* YOUR ASSIGNMENT
Skip the pictures and write out, word for word, the lines below from the one with "Golden Goose-OUTLET-SALE-Crew-neck wool" through the one with "Viking Thor Medium", inclusive.

* DATA RECORDS
=======

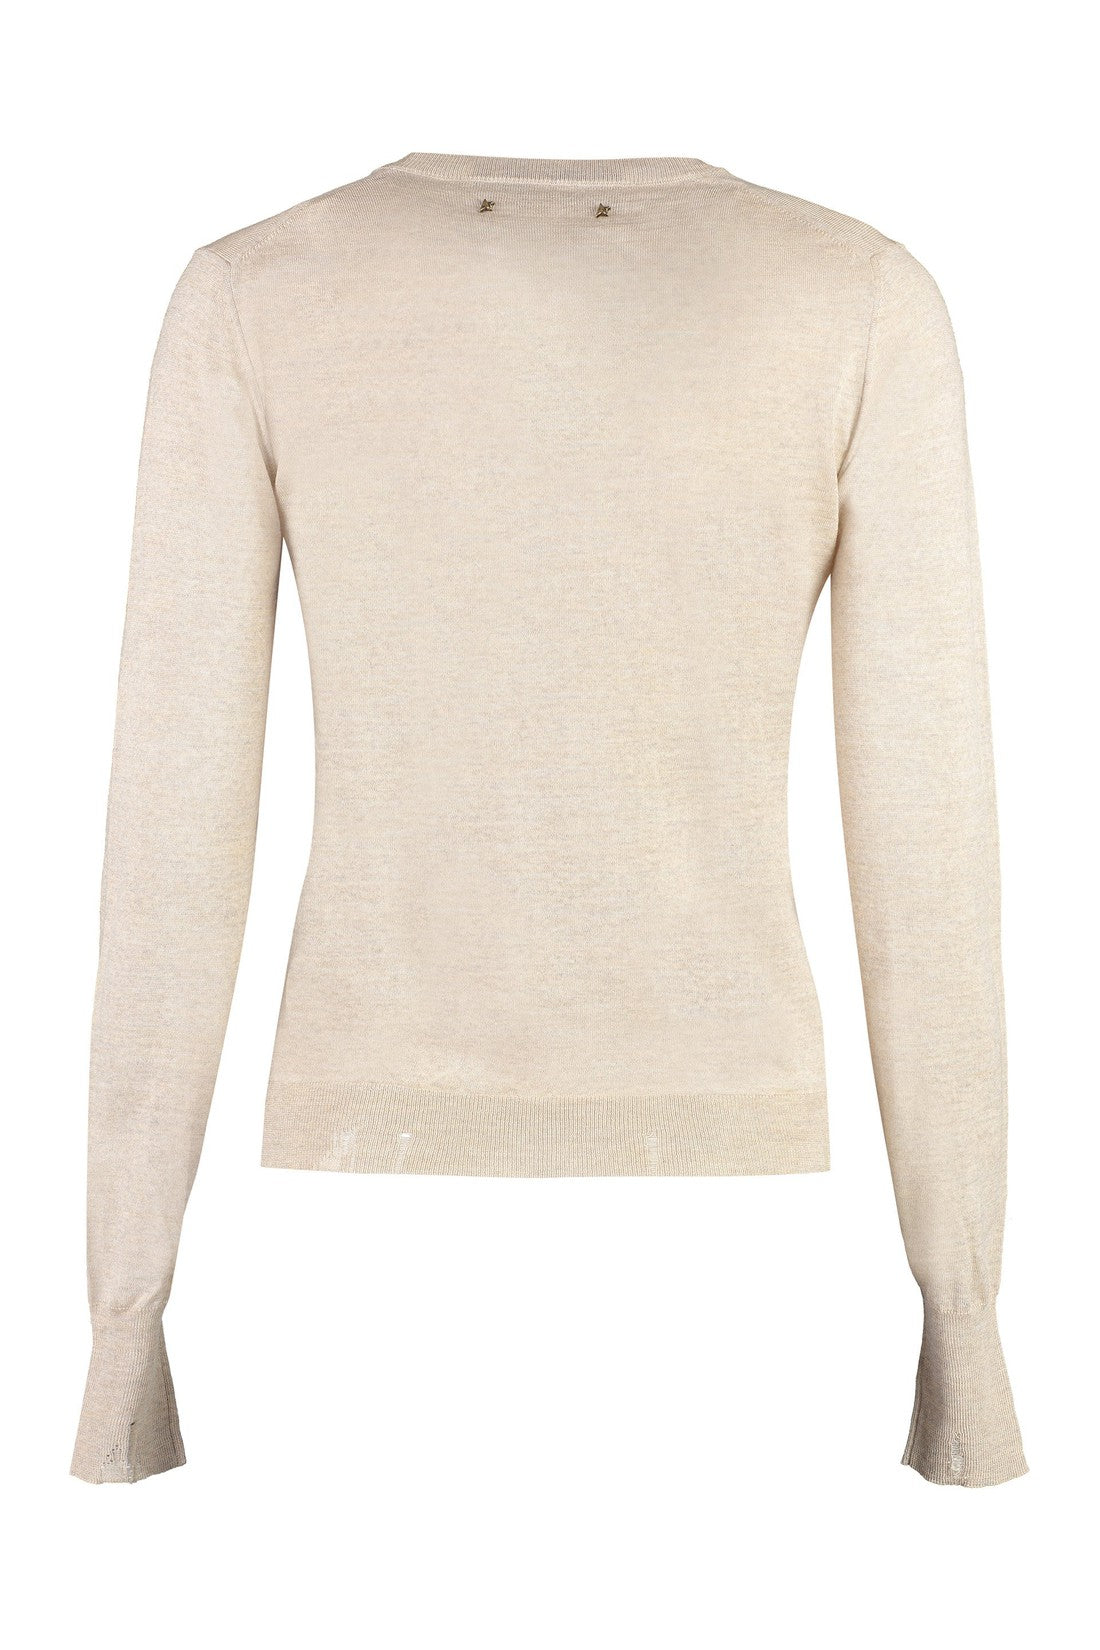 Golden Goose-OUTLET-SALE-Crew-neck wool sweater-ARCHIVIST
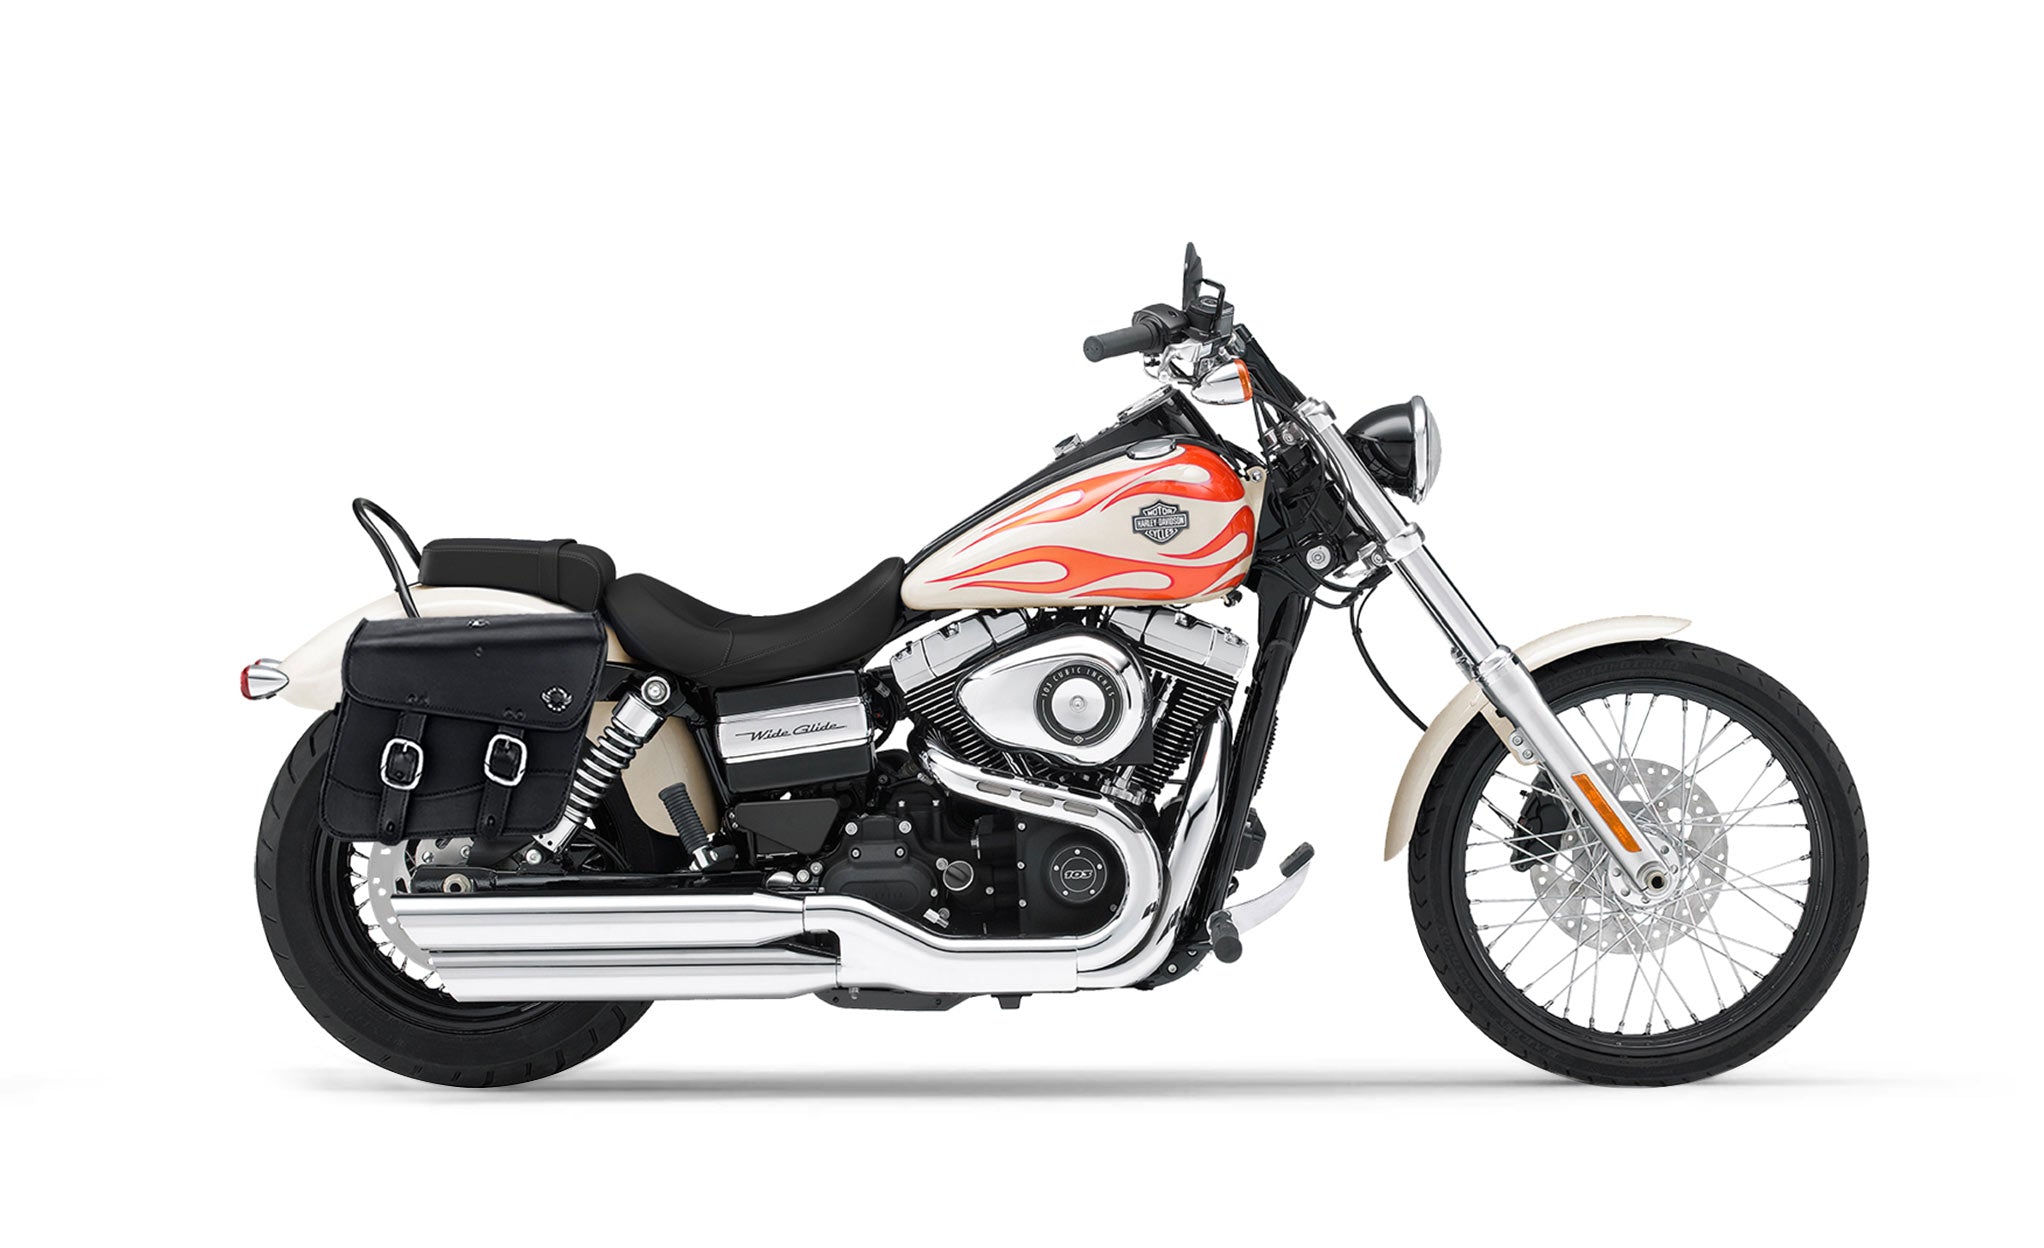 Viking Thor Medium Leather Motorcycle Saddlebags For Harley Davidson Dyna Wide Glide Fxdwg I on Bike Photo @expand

=======

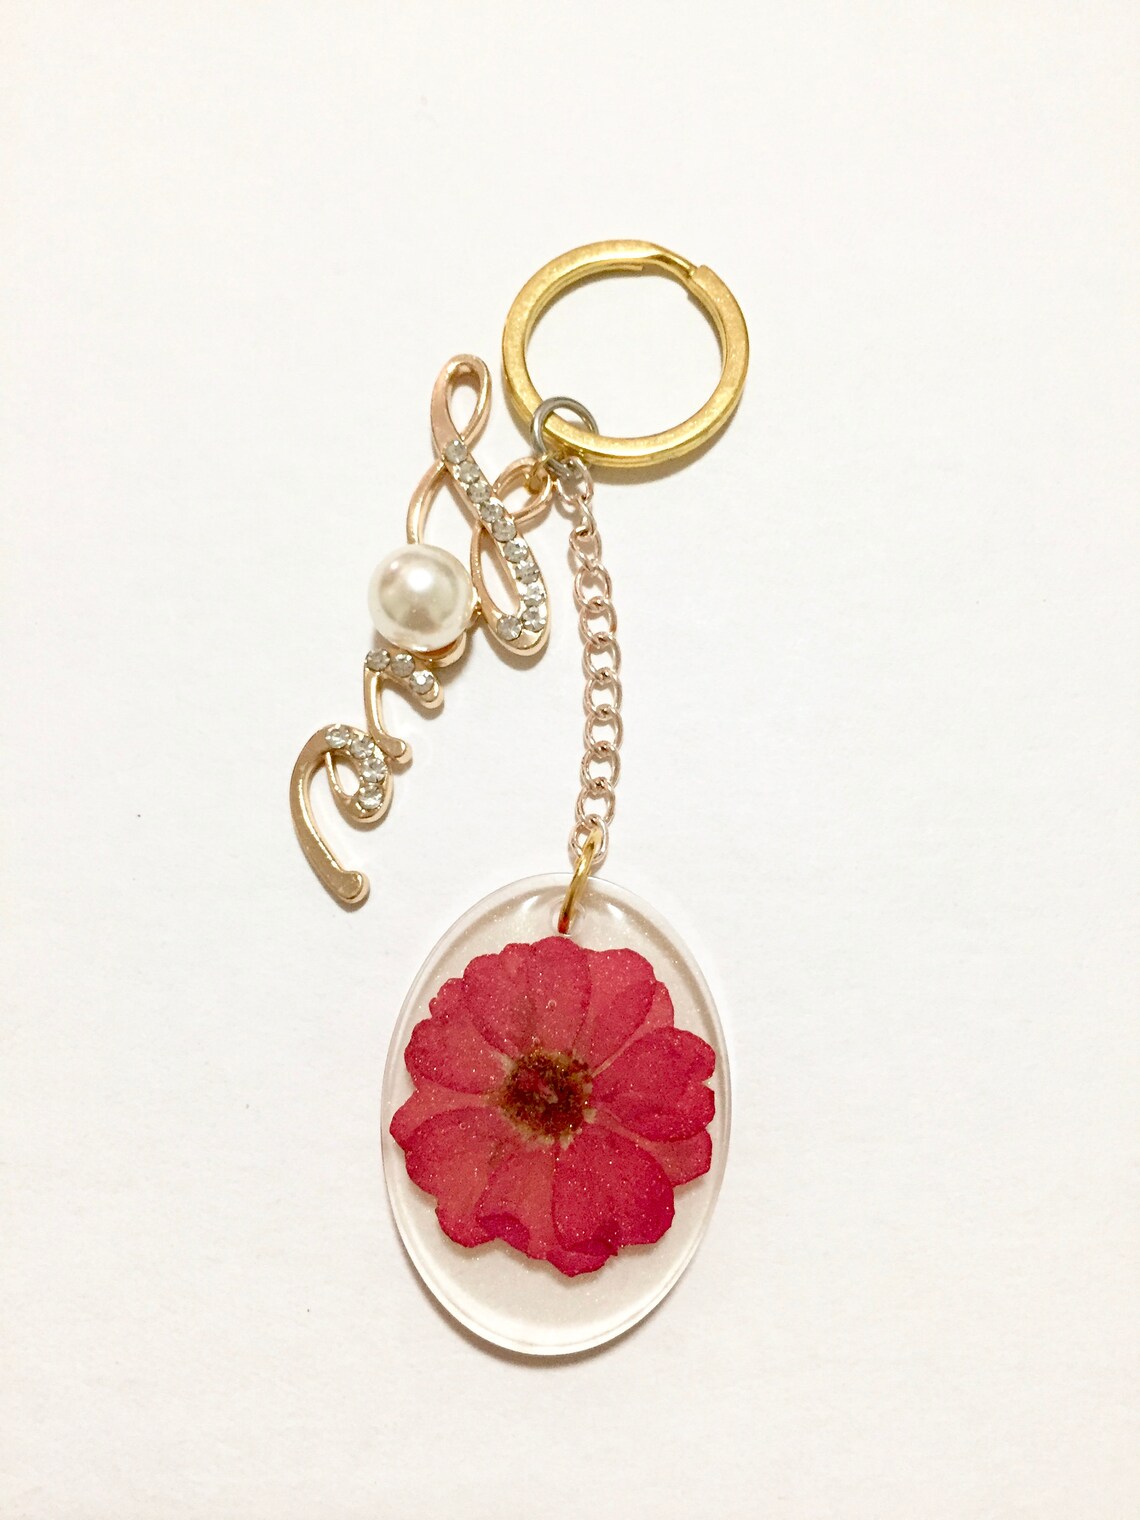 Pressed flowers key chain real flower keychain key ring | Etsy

=======

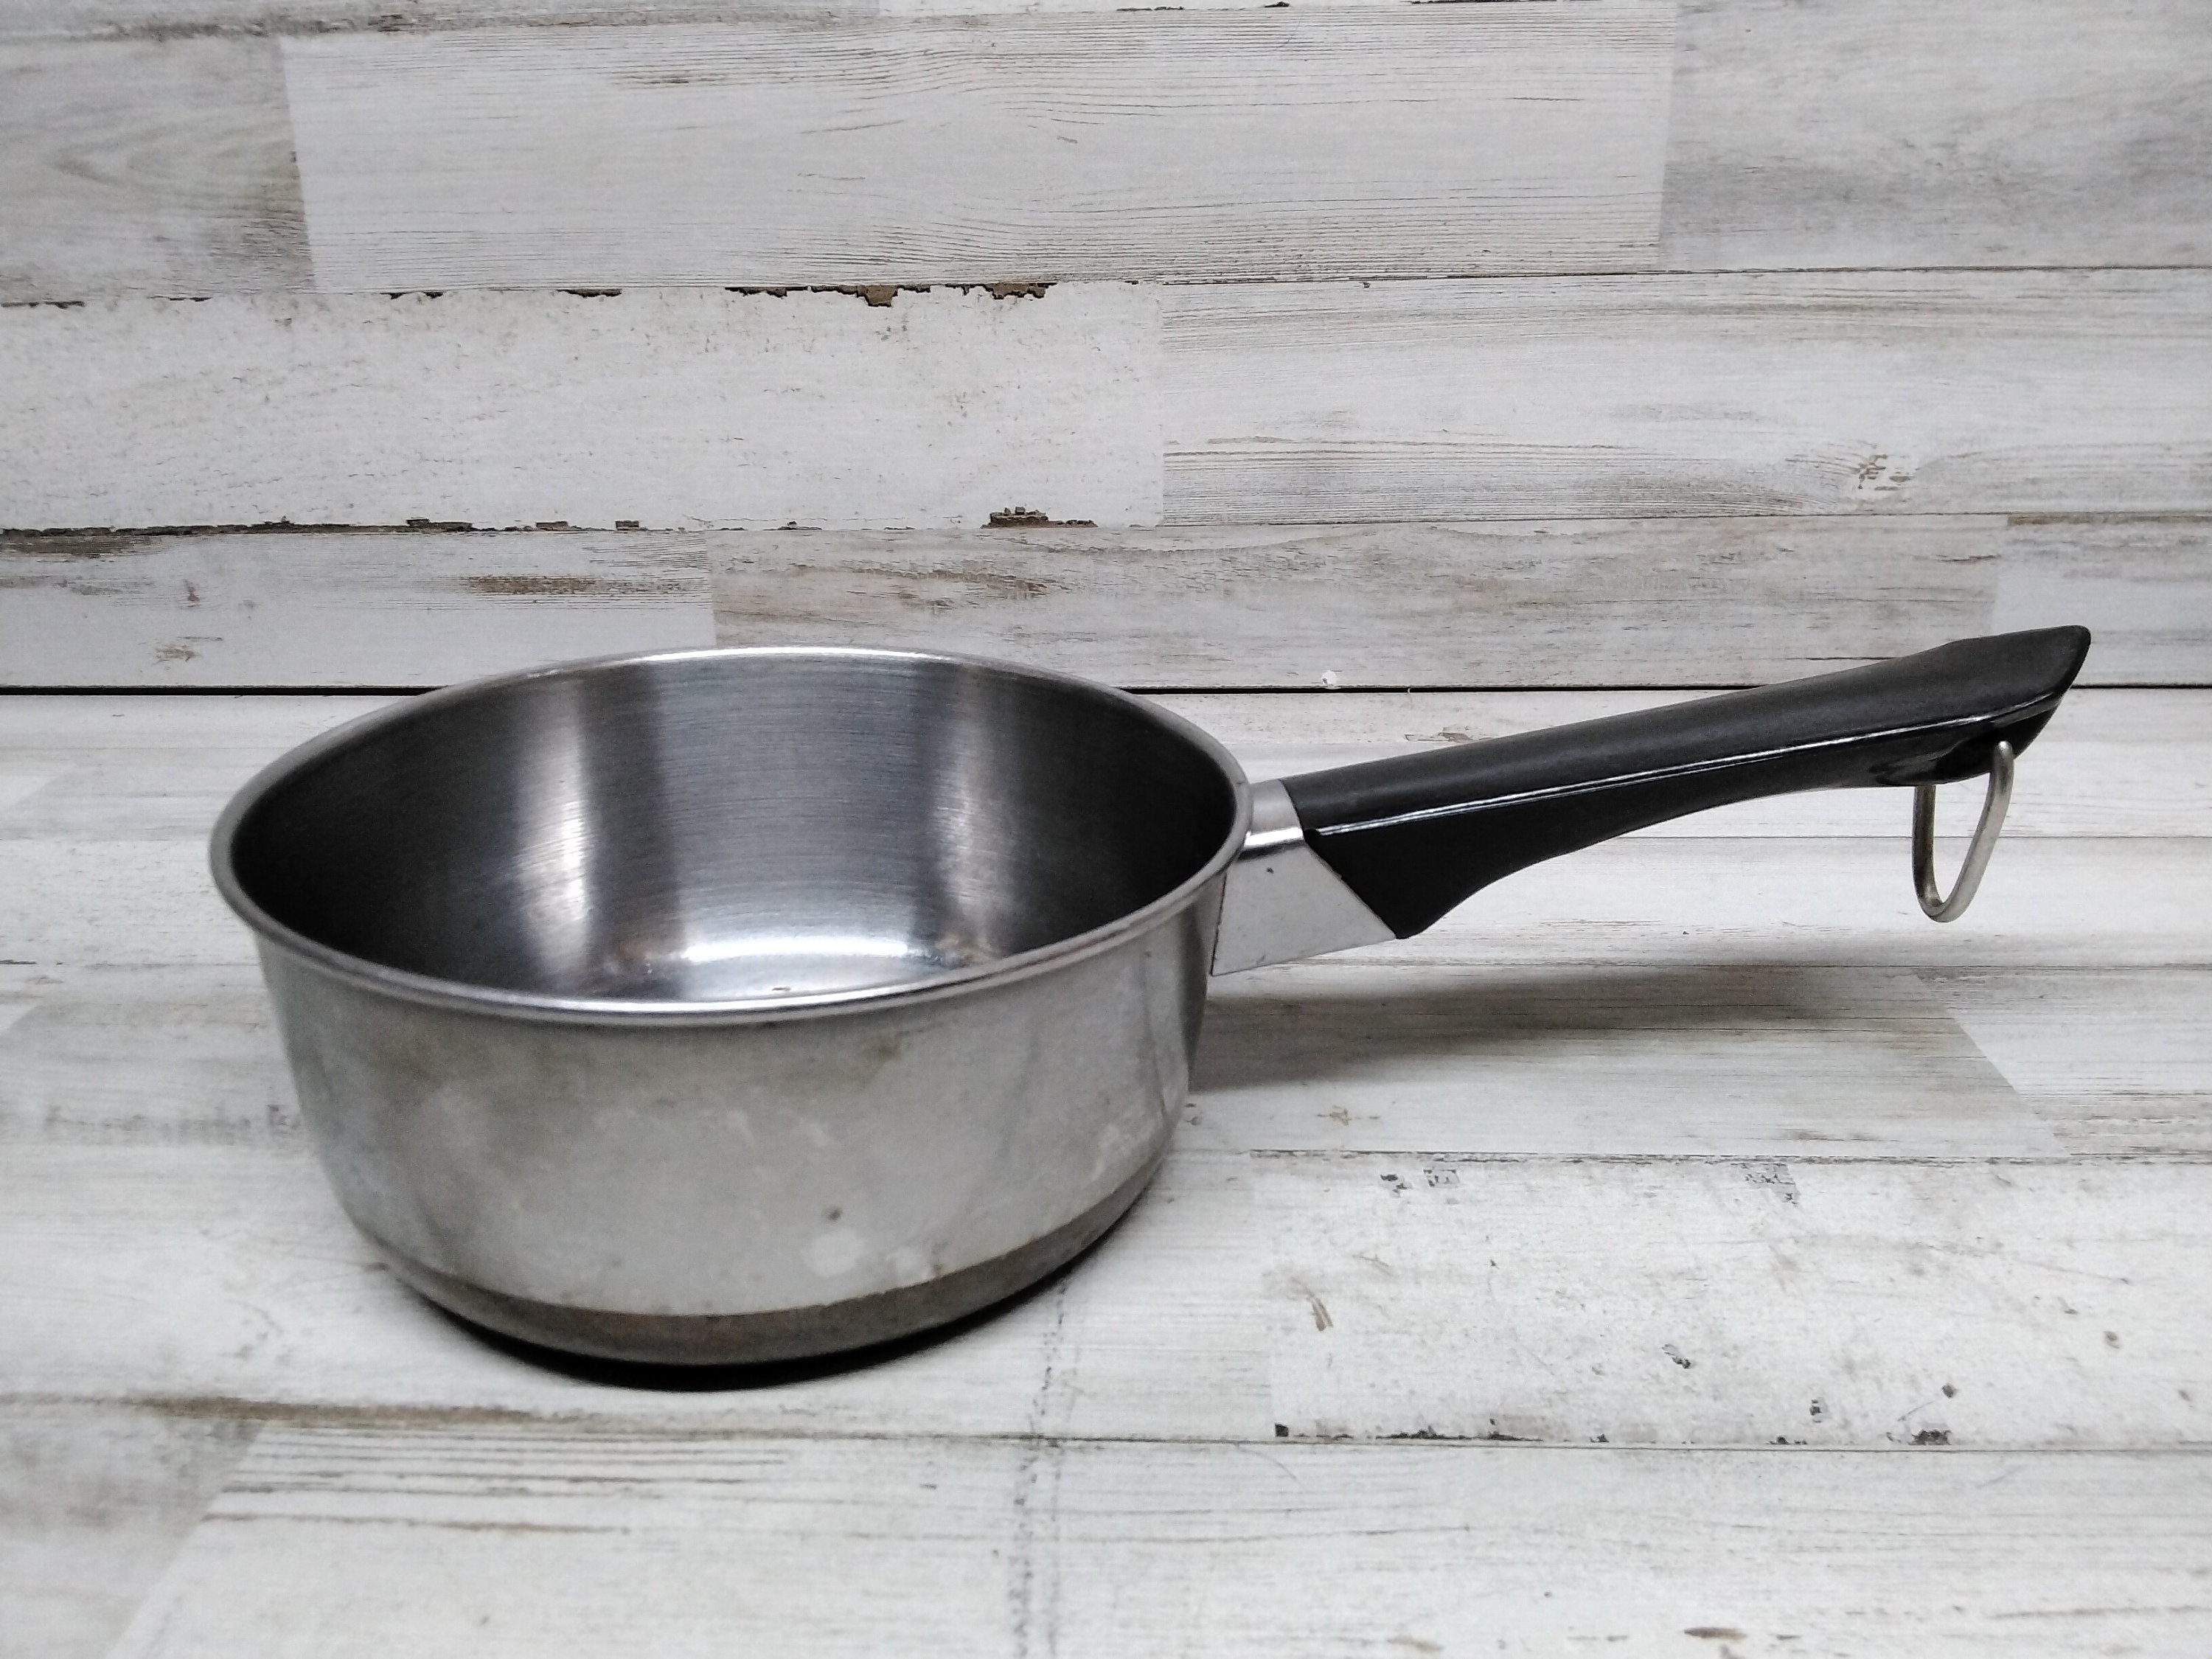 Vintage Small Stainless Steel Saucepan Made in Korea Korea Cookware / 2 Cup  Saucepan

=======

* RESULT FOR THIS EXERCISE
 Golden Goose-OUTLET-SALE-Crew-neck wool sweater-ARCHIVIST
 Viking Thor Medium Leather Motorcycle Saddlebags For Harley Davidson Dyna Wide Glide Fxdwg I on Bike Photo @expand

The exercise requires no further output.